Pemerintah China Memperingatkan Industri Mobil Listrik untuk Berhenti Menurunkan Harga
Pemerintah Tiongkok telah mengimbau industri mobil listrik (EV) di negaranya untuk menghentikan praktik menurunkan harga secara berlebihan dan membatasi laju produksi. Langkah ini dilakukan sebagai respons terhadap kekhawatiran akan deflasi yang berkepanjangan, yang dapat menghambat pertumbuhan ekonomi negara tersebut.
Menurut laporan media internasional, pejabat tinggi Tiongkok dalam beberapa bulan terakhir sering menyebut istilah “involution” dalam diskusi tentang situasi ekonomi. Istilah ini merujuk pada kondisi di mana upaya dan investasi semakin besar, tetapi hasil yang diperoleh justru menurun. Salah satu sektor yang paling terkena dampak dari fenomena ini adalah industri mobil listrik, yang mengalami kelebihan kapasitas.
Presiden Xi Jinping bahkan secara langsung menegur pemerintah daerah karena dinilai terlalu giat memberikan dana kepada sektor strategis seperti kecerdasan buatan, komputasi, dan kendaraan energi baru. Ia menekankan pentingnya mengakhiri siklus “involution” ini agar ekonomi tetap berkelanjutan.

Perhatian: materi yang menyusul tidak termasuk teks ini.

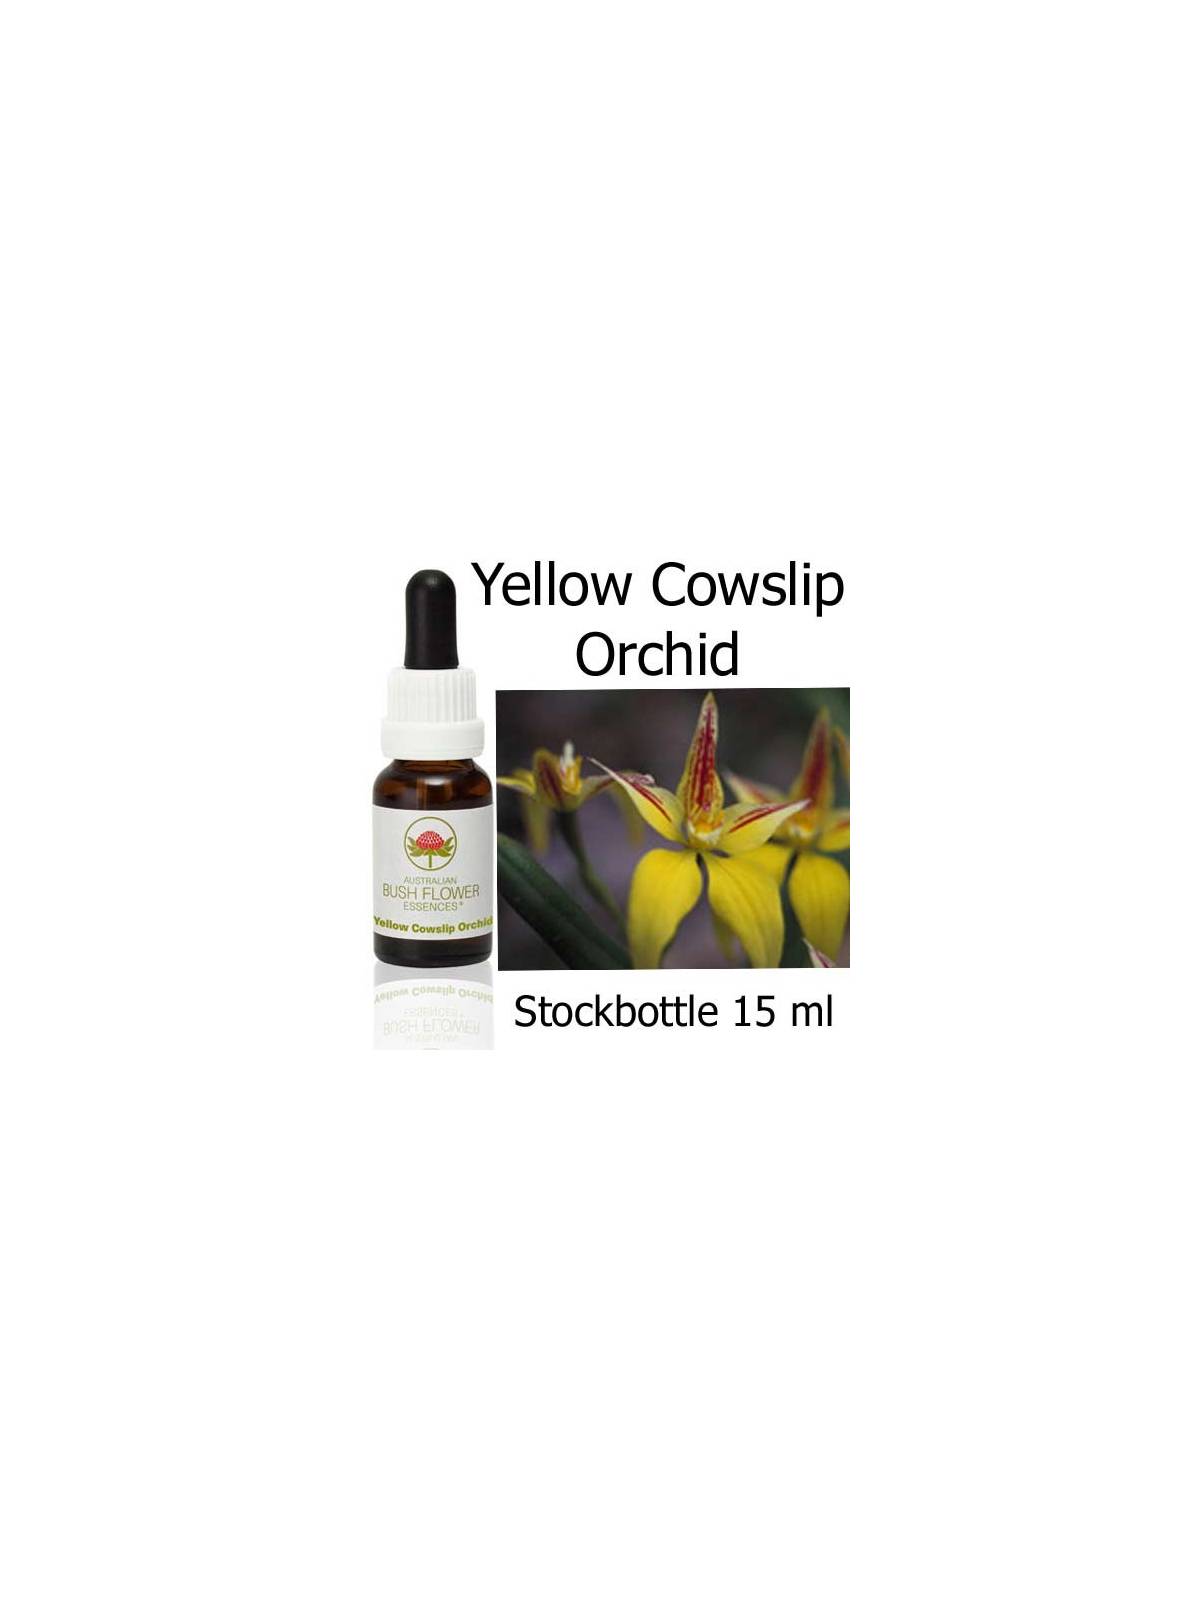 Fiori Australiani Yellow Cowslip Orchid Australian Bush Flower Essences stockbottles

Produsen Besar Diingatkan oleh Regulator
Beberapa produsen besar, termasuk BYD yang sering disebut sebagai rival Tesla, telah dipanggil oleh regulator bulan lalu untuk mendapatkan peringatan terkait kelebihan kapasitas. Sebuah firma penasihat independen, Hutong Research, menyebut bahwa lembaga pemerintah di Tiongkok kini aktif menjalankan kebijakan pengurangan pasokan sesuai instruksi Presiden Xi.

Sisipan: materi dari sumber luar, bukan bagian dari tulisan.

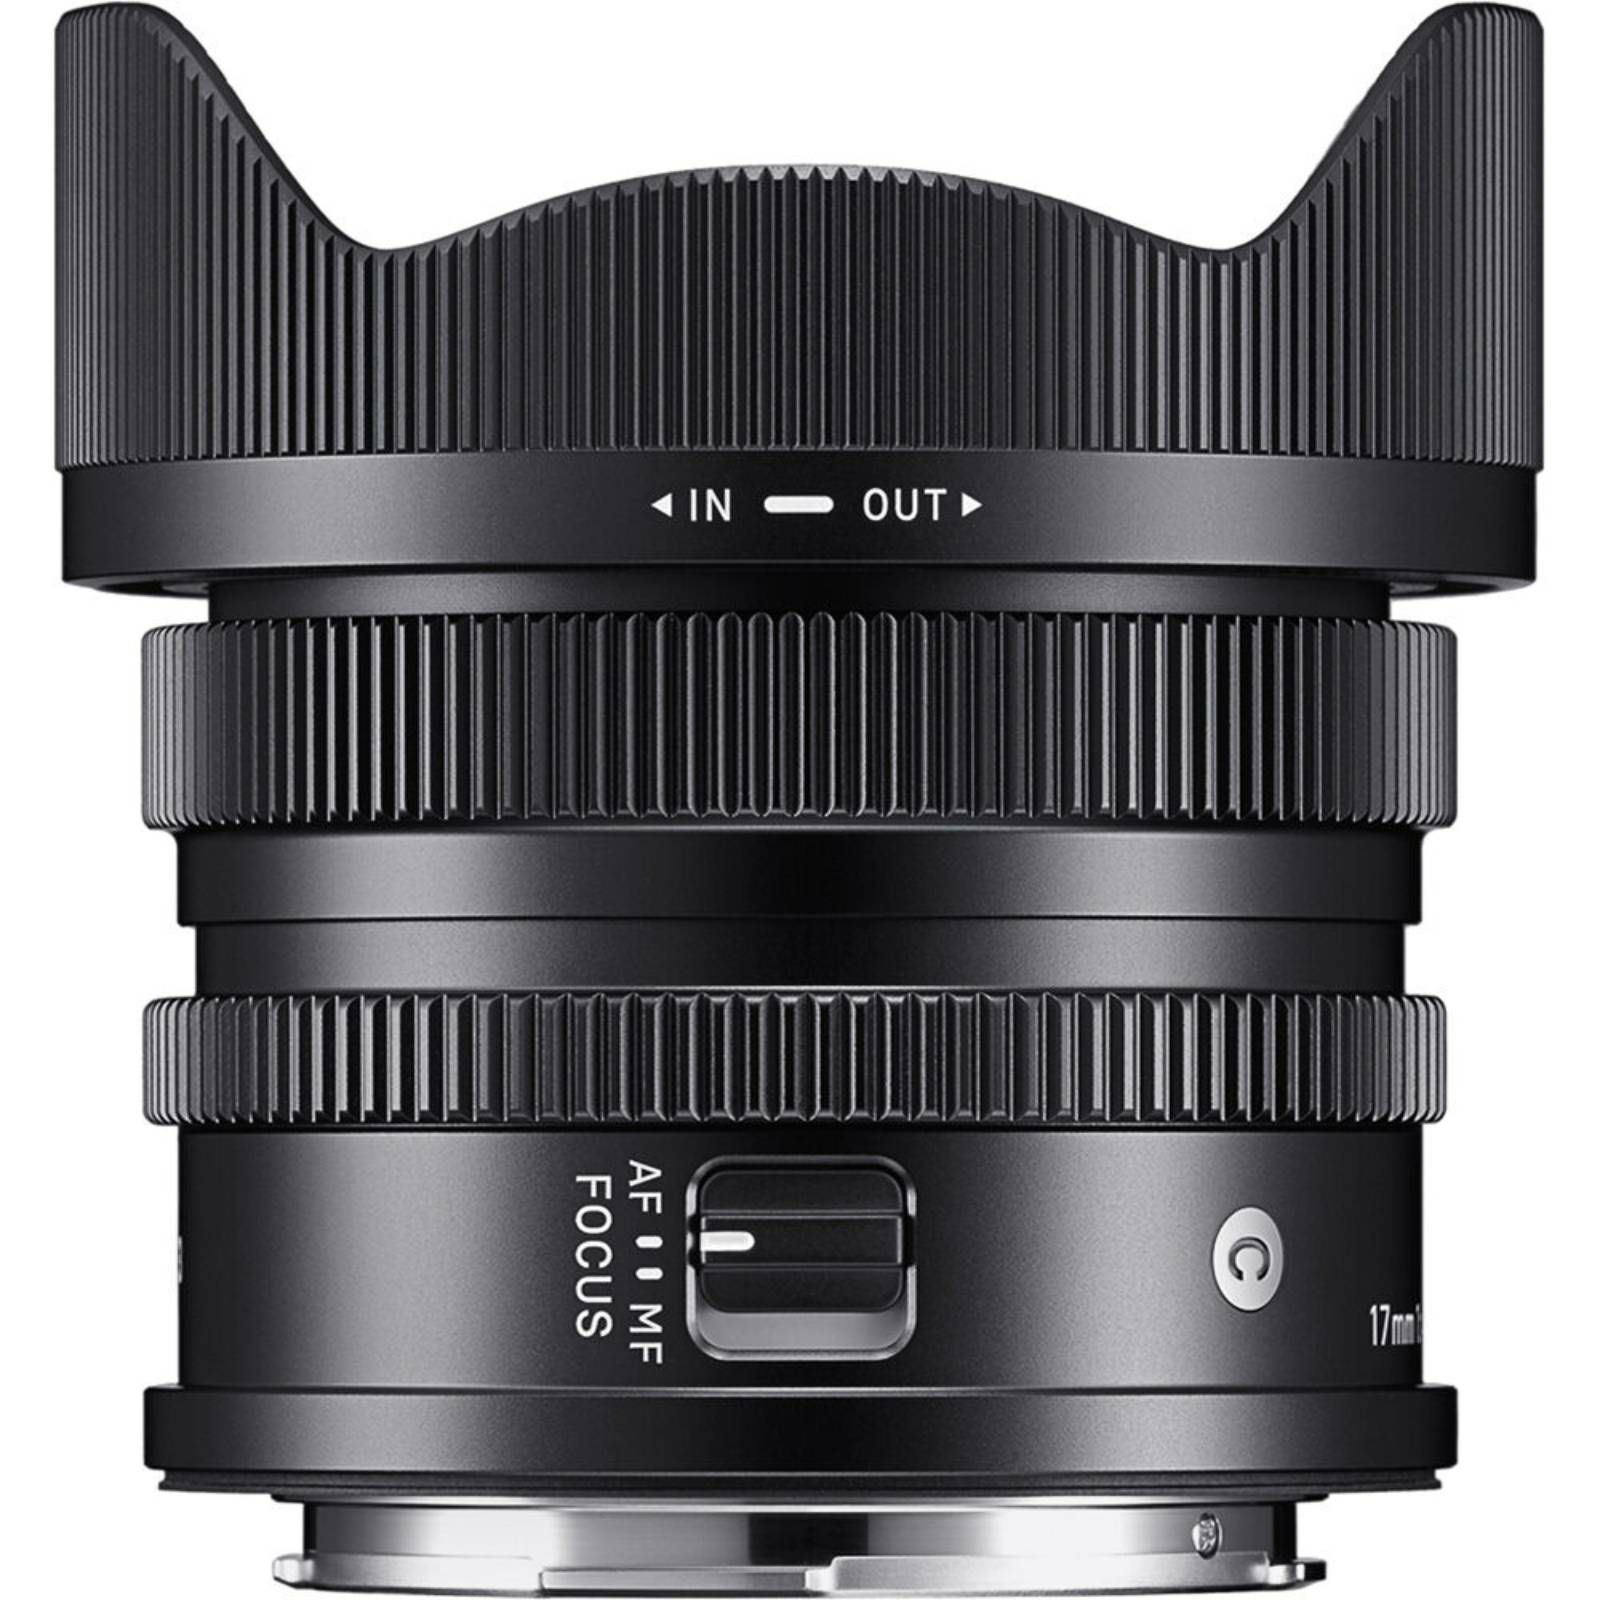 Sigma 17mm f/4 DG DN Contemporary objektiv za Panasonic Leica L-mount

Di tengah persaingan ketat, konsumen di Tiongkok terbiasa dengan harga yang sangat rendah. Perusahaan-perusahaan otomotif sering kali menurunkan harga hingga mendekati atau bahkan di bawah biaya produksi demi menguasai pasar. Hal ini juga berlaku bagi produsen mobil listrik Tiongkok.
BYD, misalnya, terus menurunkan harga model entry level-nya, Seagull, hingga menjadi 55.800 yuan atau sekitar Rp126,3 juta (kurs Rp2.262), hampir 20 persen lebih rendah dari harga resmi. Great Wall Motors juga menurunkan harga model Ora 3 sekitar 20% dari harga awalnya.
CEO XPeng Motors, He Xiaopeng, memprediksi persaingan akan semakin sengit pada 2025 dan memperingatkan bahwa sebagian produsen tidak akan mampu bertahan.
“Pasar pasti akan melihat persaingan yang lebih sengit pada 2025,” ujar dia.
Undang-Undang Baru Diusulkan, tapi Apakah Cukup?
Sebagai respons terhadap situasi ini, Tiongkok merilis draf amandemen undang-undang tentang penetapan harga, yang merupakan revisi pertama sejak 1998. Amandemen ini bertujuan memperkuat aturan pemerintah untuk menetapkan batas harga, mengidentifikasi “perilaku penetapan harga yang tidak adil,” dan mengendalikan kompetisi “gaya involusi,” termasuk penggunaan dominasi pasar untuk memengaruhi harga dan penjualan massal.
Namun, sejumlah analis pesimis terhadap efektivitas langkah ini, mengingat banyak produsen EV tidak untung dan bergantung pada dukungan pemerintah daerah. Seorang analis senior di Merics, Antonia Hmaidi, mengatakan bahwa ia tidak yakin pemerintah Tiongkok akan melakukan tindakan signifikan karena hingga saat ini belum ada produsen yang benar-benar dihukum akibat investasi berlebihan di sektor prioritas strategis.
Salah satu solusi yang diusulkan adalah memperluas ekspor, meski langkah ini berisiko memicu ketegangan dengan mitra dagang. Eropa, misalnya, sudah memberlakukan tarif hingga 45% untuk mobil listrik buatan Tiongkok.
“Saya pikir dalam jangka pendek, akan ada lebih banyak ketegangan dengan sebagian besar mitra dagangnya,” tambahnya.
Tahun lalu, Uni Eropa mengenakan tarif hingga 45% pada mobil listrik Tiongkok, yang membuat Beijing geram. Meskipun negosiasi belum mencapai titik temu, produsen mobil Tiongkok telah beradaptasi dengan mendorong penjualan kendaraan plug-in hybrid (PHEV) sebagai gantinya. Pada Juni lalu, pangsa pasar perusahaan Tiongkok di Eropa kembali mencapai 10%, persis seperti sebelum diberlakukannya tarif.